Aim of the task:
Would you copy exactly the lines in the data below from the one that has "Tennis ITF W15" through the one that has "Phantom MMA Fight", dropping any pictures?

Record set:
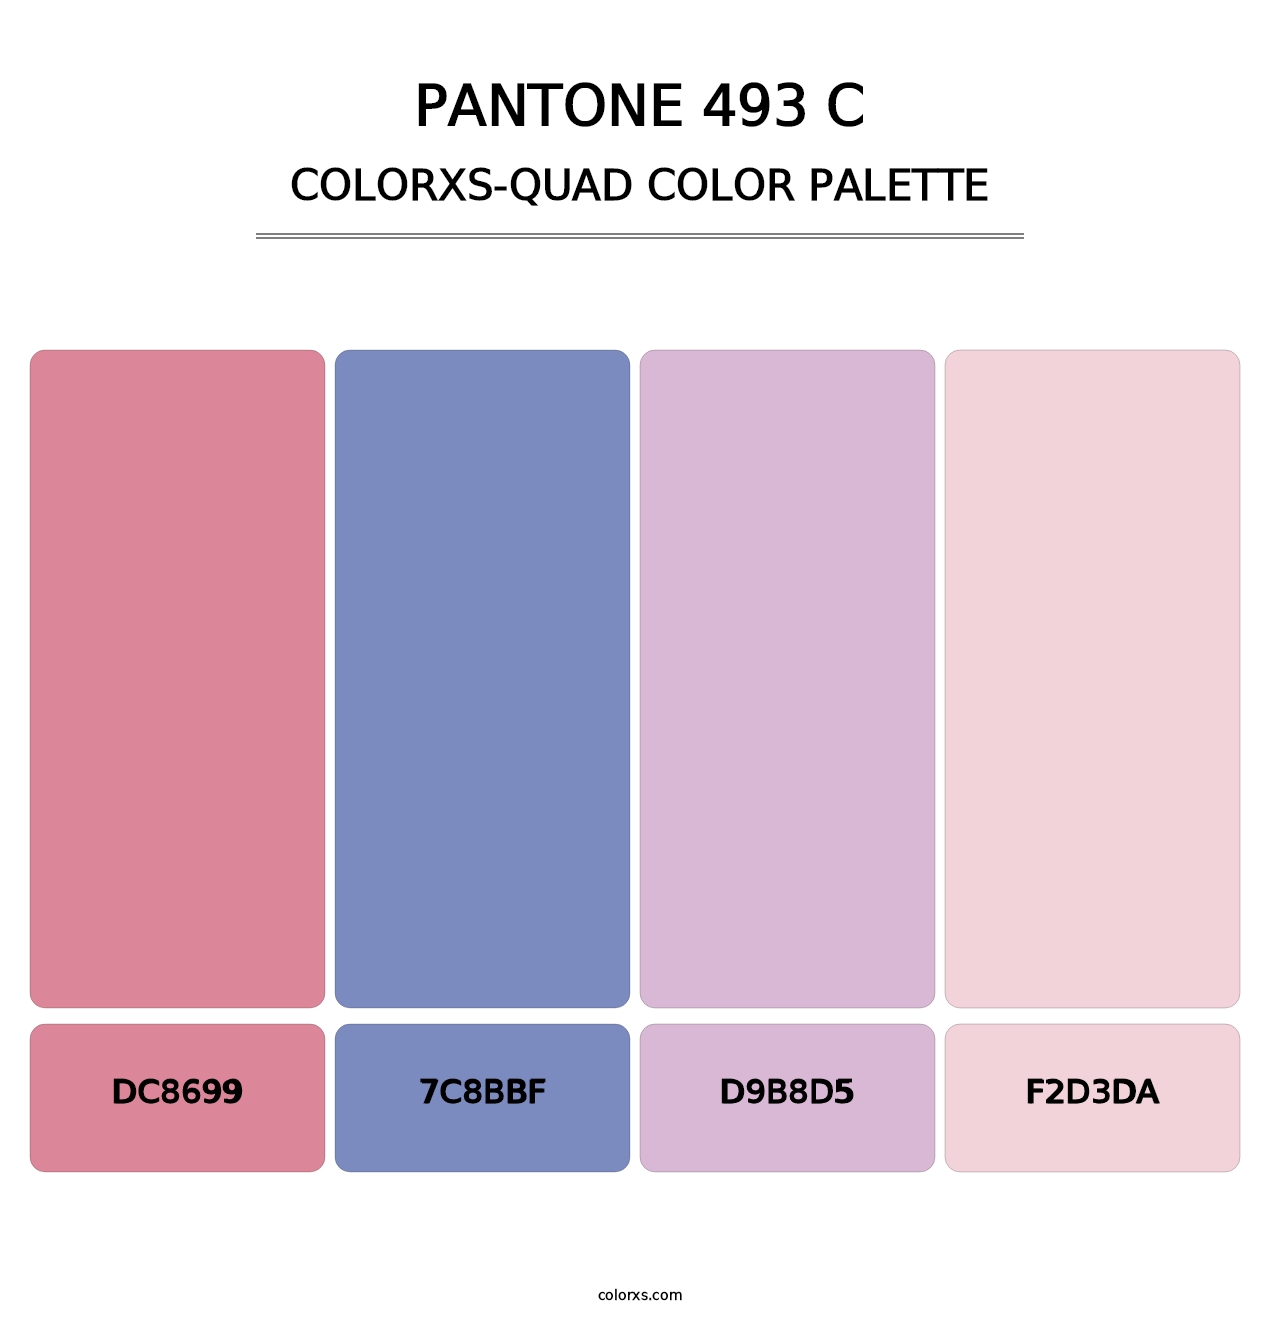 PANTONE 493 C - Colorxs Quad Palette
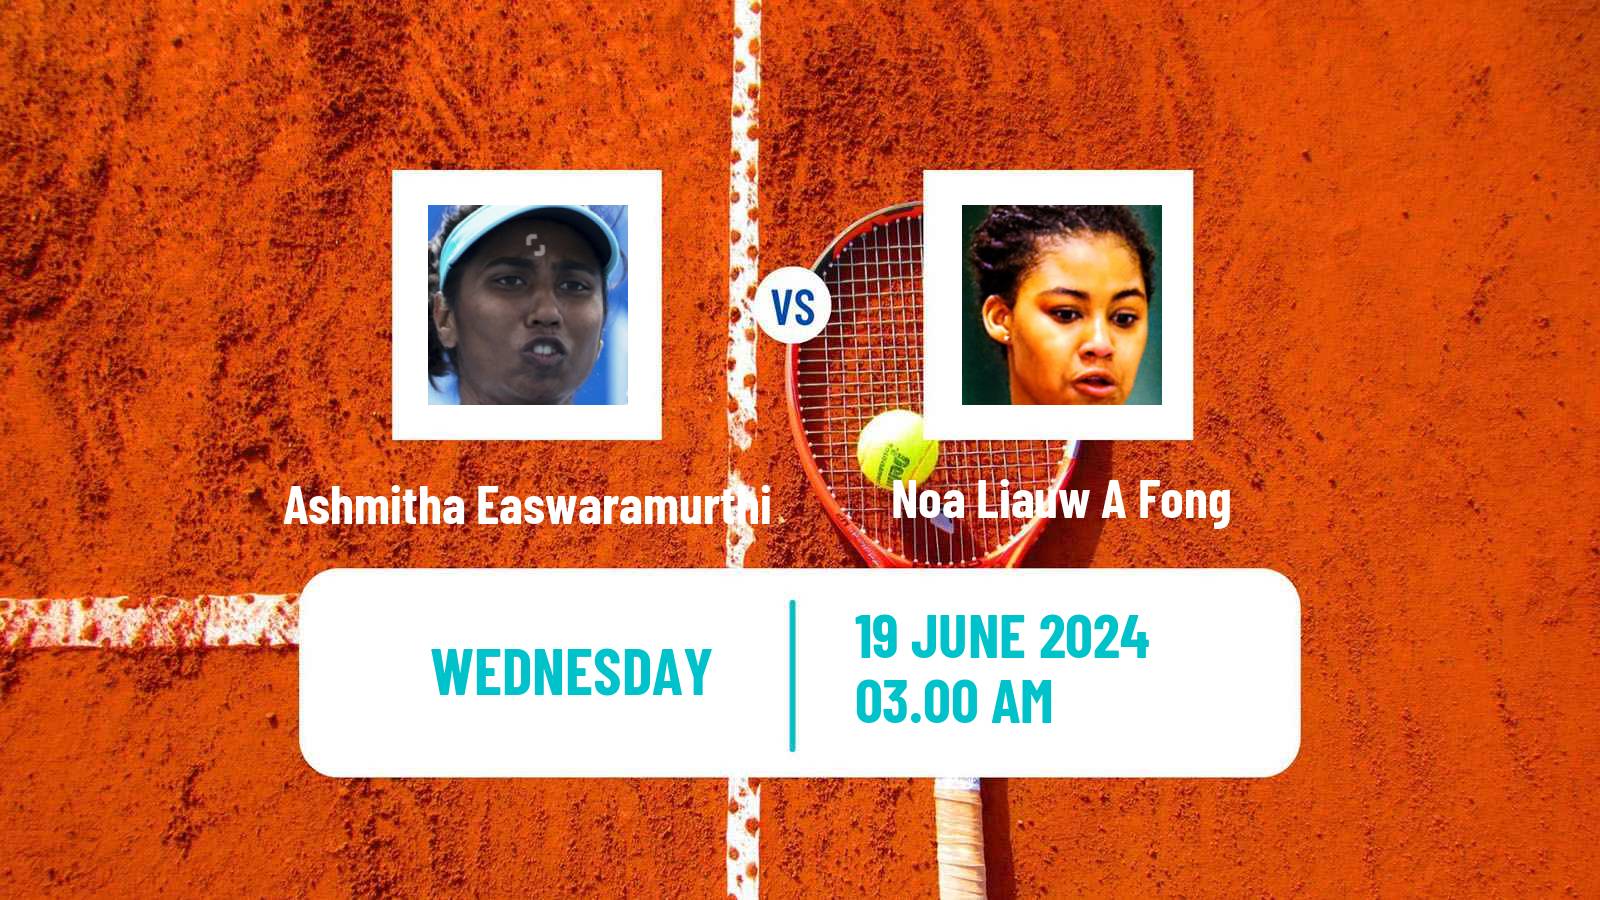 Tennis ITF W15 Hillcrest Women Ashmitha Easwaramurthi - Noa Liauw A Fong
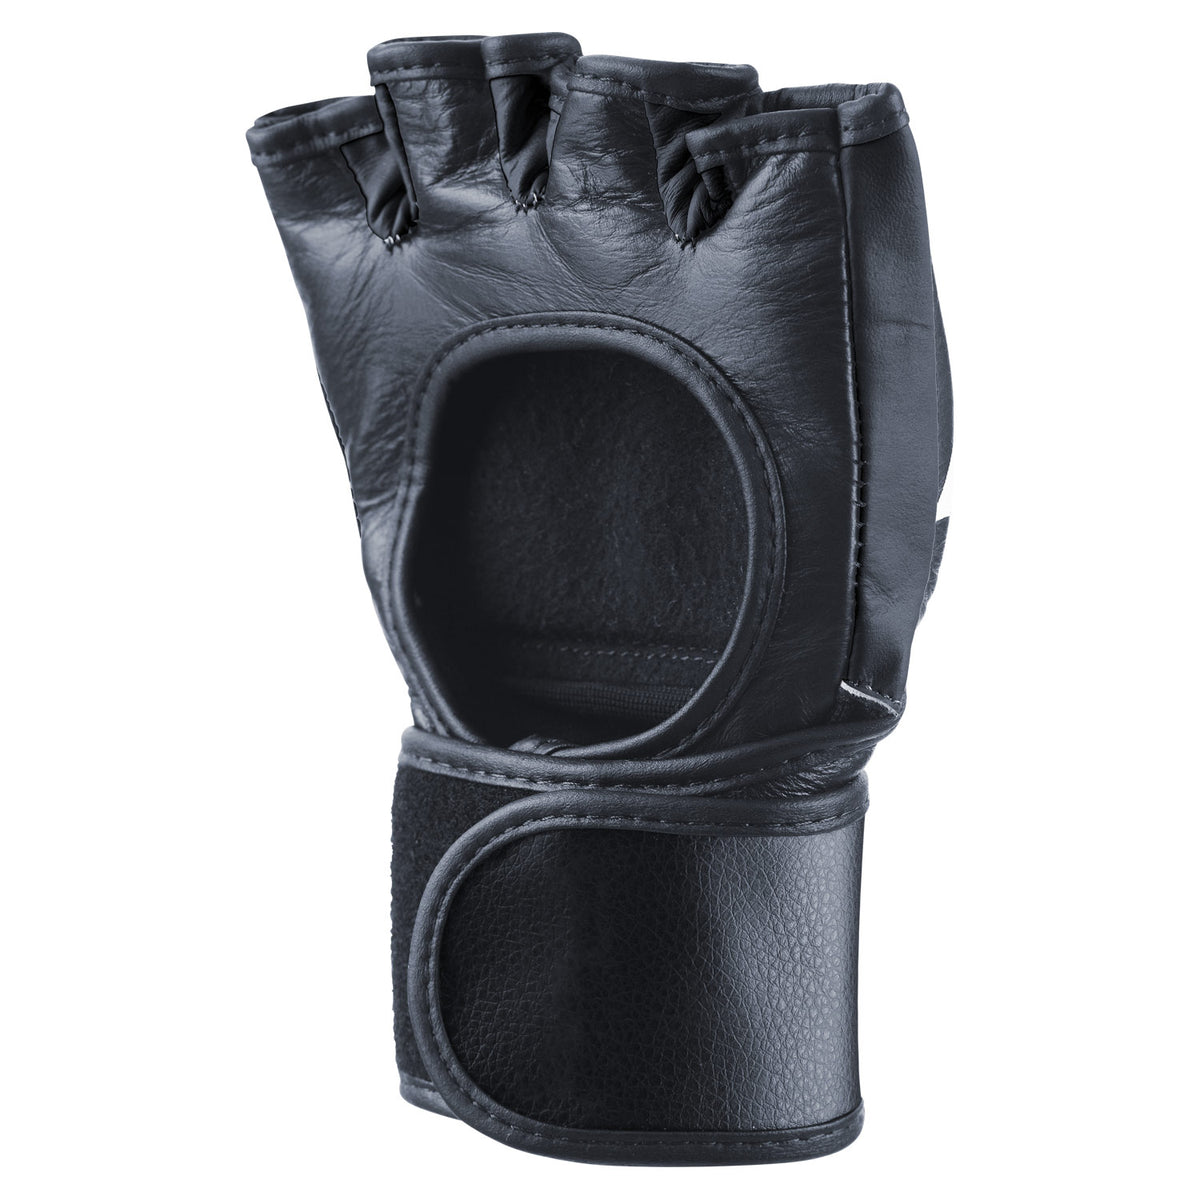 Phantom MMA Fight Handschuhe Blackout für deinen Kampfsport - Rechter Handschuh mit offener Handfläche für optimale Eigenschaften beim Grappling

...

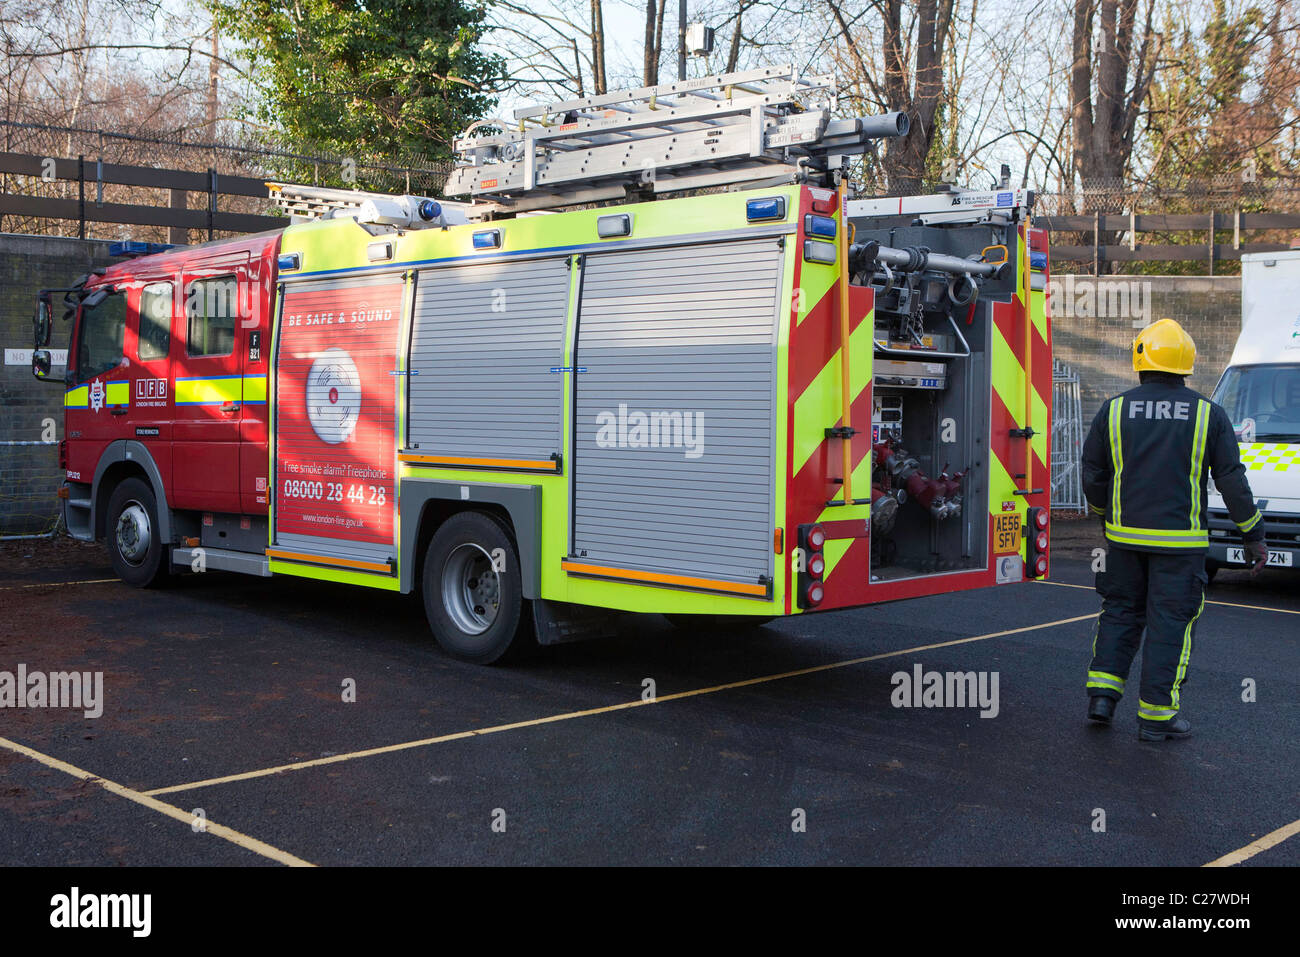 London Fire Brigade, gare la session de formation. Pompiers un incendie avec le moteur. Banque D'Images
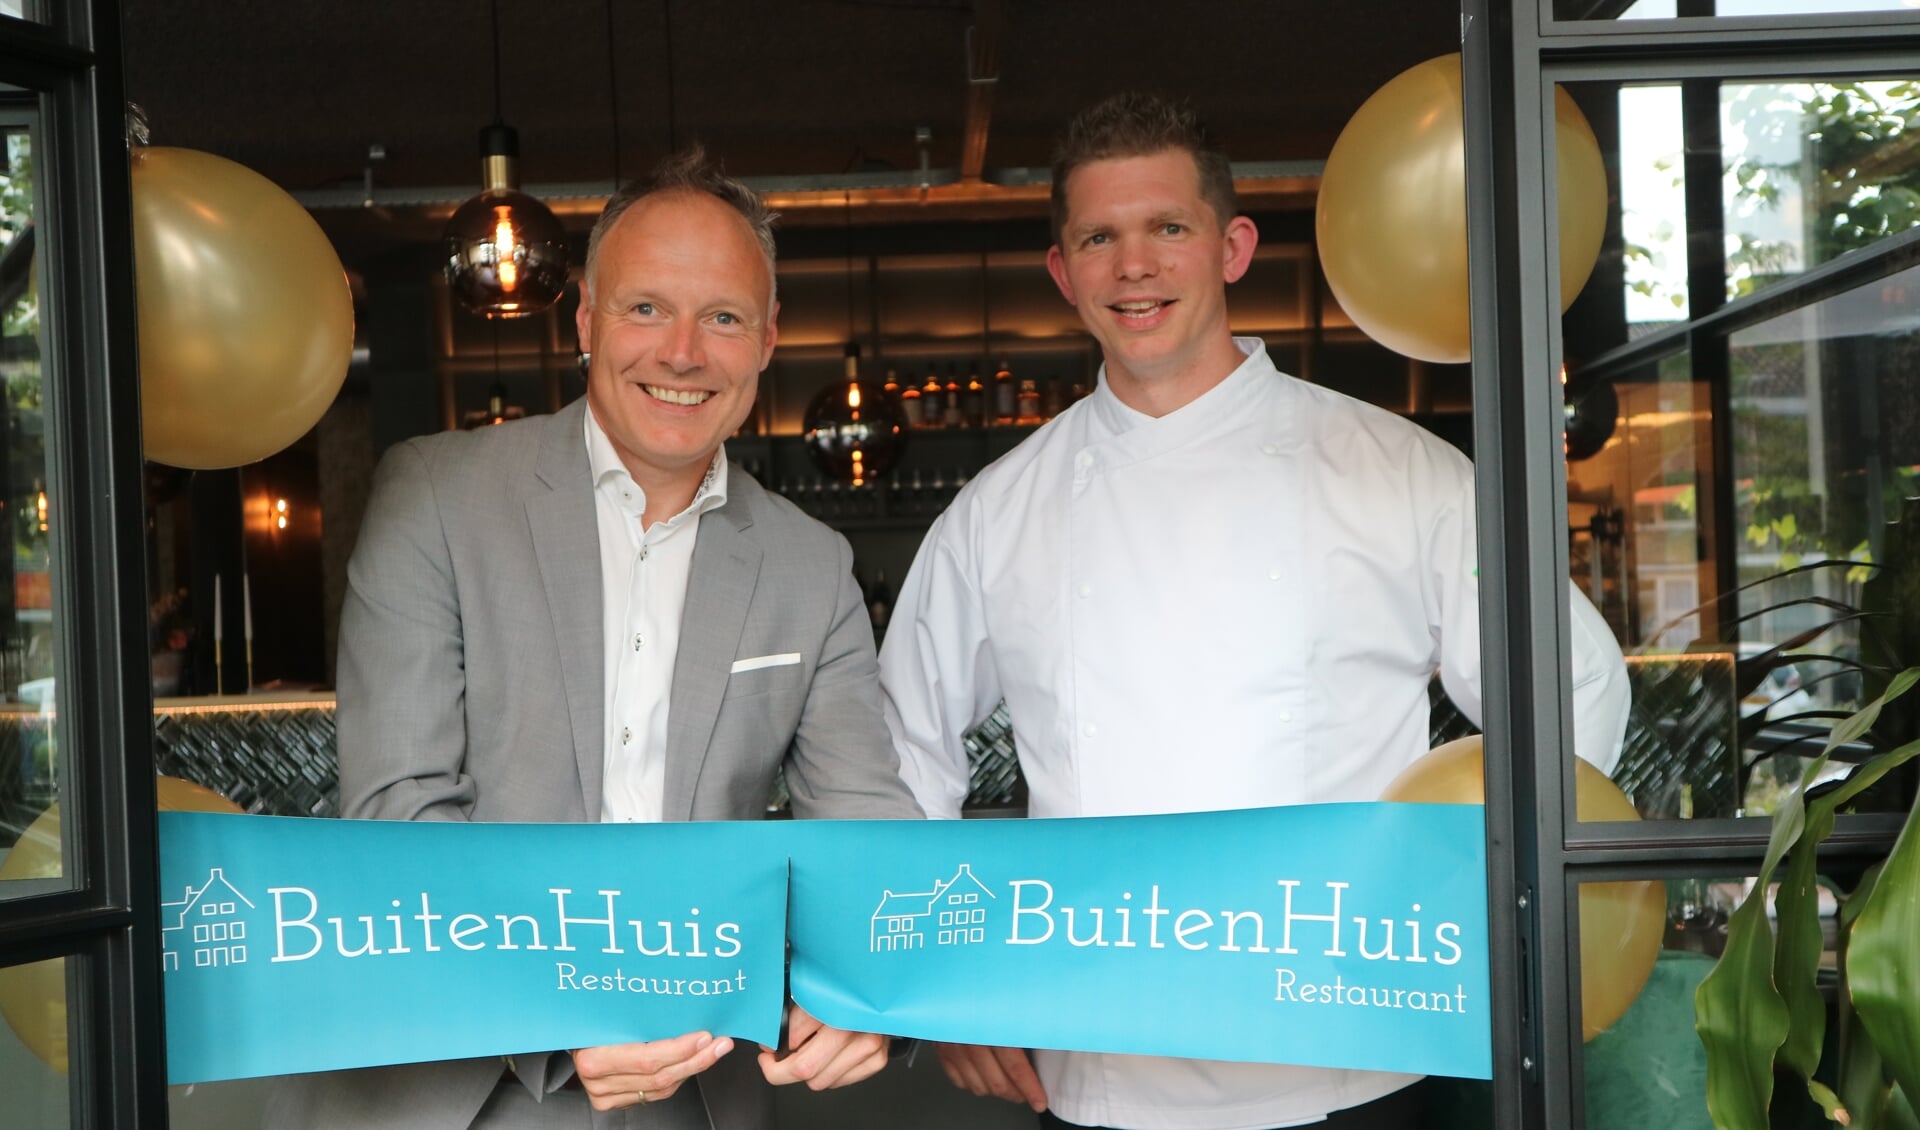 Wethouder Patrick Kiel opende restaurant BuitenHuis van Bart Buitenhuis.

...

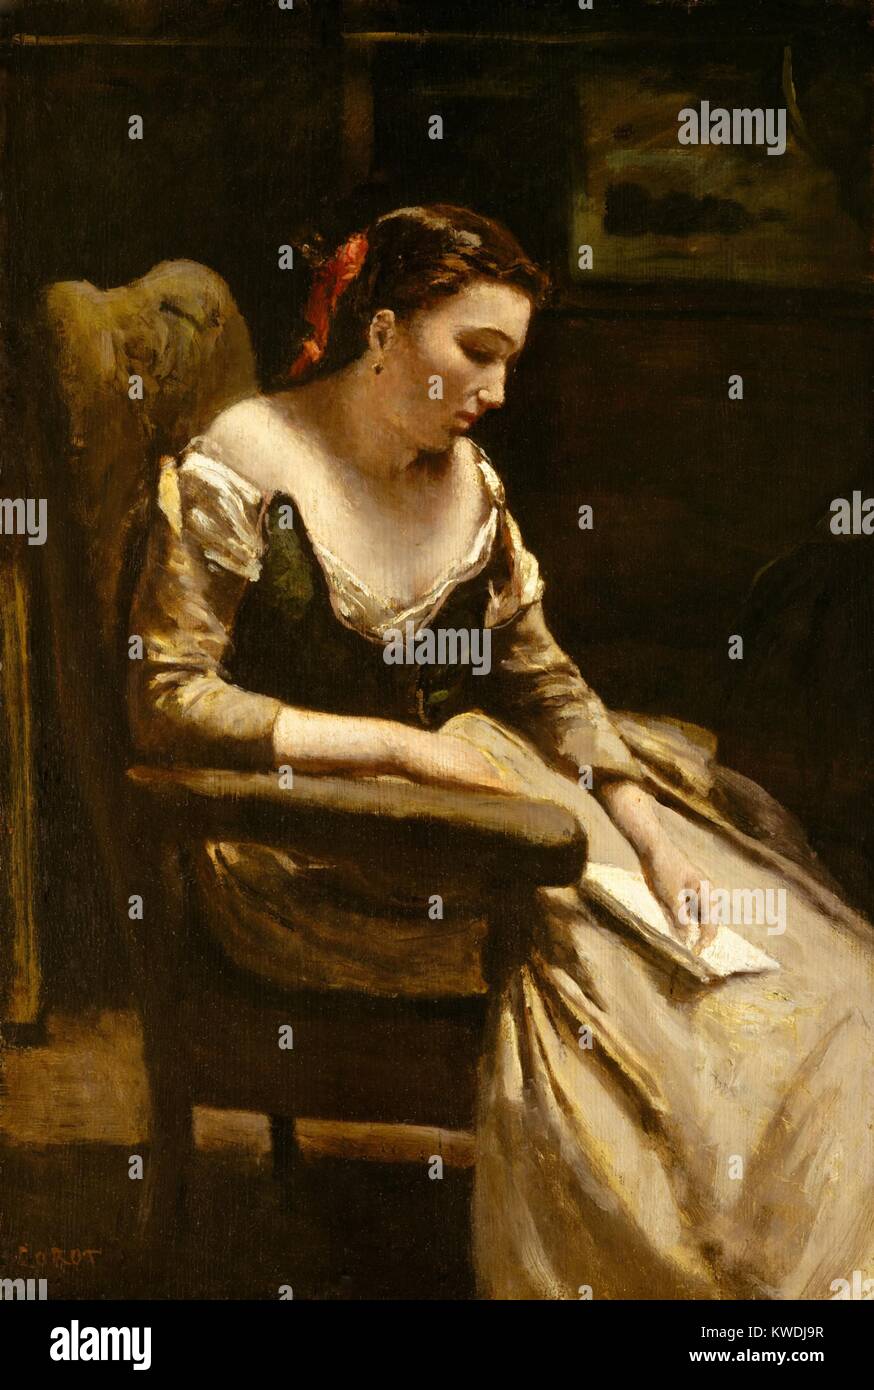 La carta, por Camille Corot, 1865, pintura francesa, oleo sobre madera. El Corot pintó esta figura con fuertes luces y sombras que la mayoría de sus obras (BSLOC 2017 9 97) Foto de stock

Reply:
 Tennis ITF W15 Hillcrest Women Ashmitha Easwaramurthi - Noa Liauw A Fong
 Phantom MMA Fight Handschuhe Blackout für deinen Kampfsport - Rechter Handschuh mit offener Handfläche für optimale Eigenschaften beim Grappling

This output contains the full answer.